なぜならば、日本と中国とは「国債を使ったマネタリズム的な通貨膨張政策により、国富つまりカネを一気に増強させた」産業振興策を採用した…という違いがあるからです。他のアジアの国と日本・中国との決定的な違いがこれです。日中は国債を使って自国を爆発的に強化したのです。ここが他の途上国との決定的な違いでした。よって日中は外債(ガイジンから借りたカネ)よりも自国国債(中国の場合はむしろ地方政府債≒公債)の総量と金利負担に苦しんでいるという特徴があるのです。韓国が外債で苦しんでいるのとは「質が違う」ということです。通貨の経済的効用という視点が日中には必要なのです。
なので朝鮮戦争時の日本を見ると、当然のことながら当時は国債発行を禁止していた(されていた)ので産業力の原泉である投資力は債務整理の過程で生じる余剰からひねり出すしか無く、それも多額の戦時債務と高インフレにより大きな余力とは言えないために、本格的な経済復興が1955年以後の10年間にずれ込んだと考えるべきでしょう。
確かに朝鮮戦争は日本にとっては意味がありました。GHQによる占領政策の終了と日本の独立が担保されたからです。これにより資本主義陣営に加わり、米ドルとのリンケージが確約されたために新円も安定し、西側グループへの参入から輸出入や整備された投資環境へのアクセスが(戦前の頃のように)再び可能になったという事の政治的な意義です。西側へのアクセスを確保した事が日本復活の基盤となり、その補償として日米安保があると考えるべきです。日米安保は日本側が強固に維持しようと試みているという意味で非常に不思議です。支配された側が支配国の方にすり寄っているとしか見えないからですが、実際には「日本は常に西側資本主義陣営の一角で、裏切ることはない」の証です。日本は愚直なまでに日米安保にしがみついてきたために半世紀以上を経て、東アジア最強の盾としての立場を確保したということです。これは左右の政権交代によって米国についたり、中立的or中国や共産主義国にすり寄ったり…を繰り返す不安定な韓国政権との決定的な違いですが、こうした「立場」の違い〜つまり安定度の違いは「その国の通貨の強さ」に比例するという極めて重大な価値を生み出すのです。

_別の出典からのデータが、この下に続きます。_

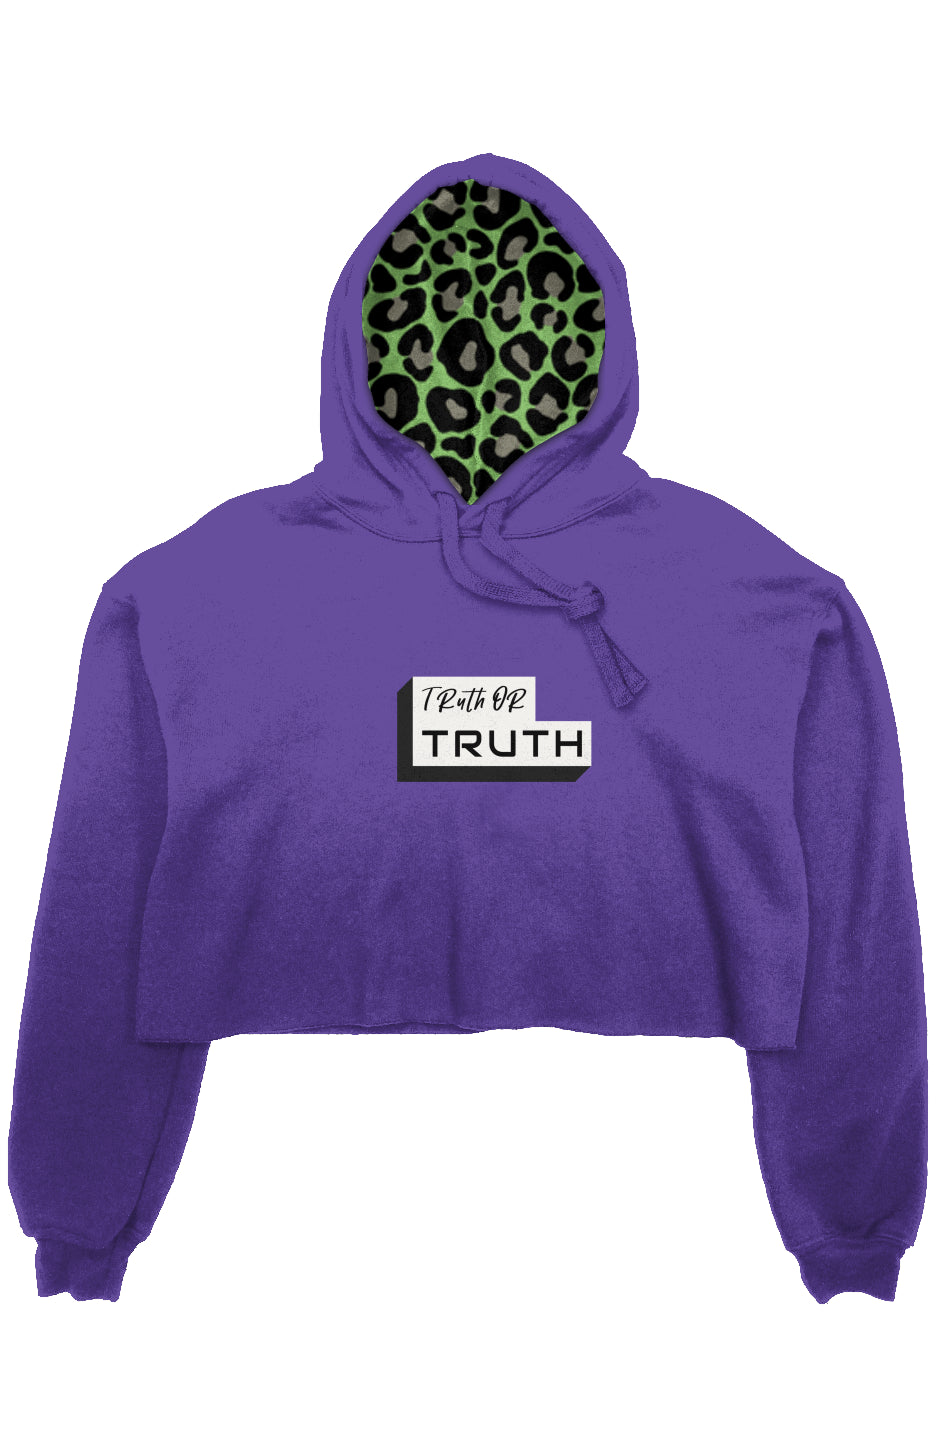 Truthortruth crop fleece hoodie

ある国の通貨はその国の国債によって生成されますが、国債には金利がついているので必ず債務問題が発生します。金利が上昇するか多額の国債を発行しすぎれば国家破綻のリスクが生じ始めます。この時、国債そのものが「政府の債務」であるのですから、「政府が安定しているか?」は極めて重要な要素です。つまり安定した政府であるのか? その安定した政府を生み出す安定した国民性・国家なのか?…という重大な、目に見えない要素が国家破綻を考える上で極めて重要になってきました。特にリーマン以後、「世界最大の債務を抱えた日本ではなく、むしろ日本以外の全ての国が国家破綻ギリギリの恐怖を味わったのはなぜか?」から格付け会社は単に債務総額の量だけでなく「債務総額・外貨準備高と経済成長率・政府の意思」の3つを重要視するように変わってきました。数字で表しにくい定量的な「政府の意思」を日米安保が確約しているのであり、この端初となった朝鮮戦争は日本にとってカネ以上に意義があることだったのは、ワイも本当のことだと思います。他にも確かに朝鮮戦争で儲けを出した人もいるんでしょうけど、日本全土が好景気に湧いた…というのは間違いということです。
朝鮮戦争は政治的に非常に意味のあることであったのは事実ですが、経済復興からみると「…いや、特に何も」という話でした。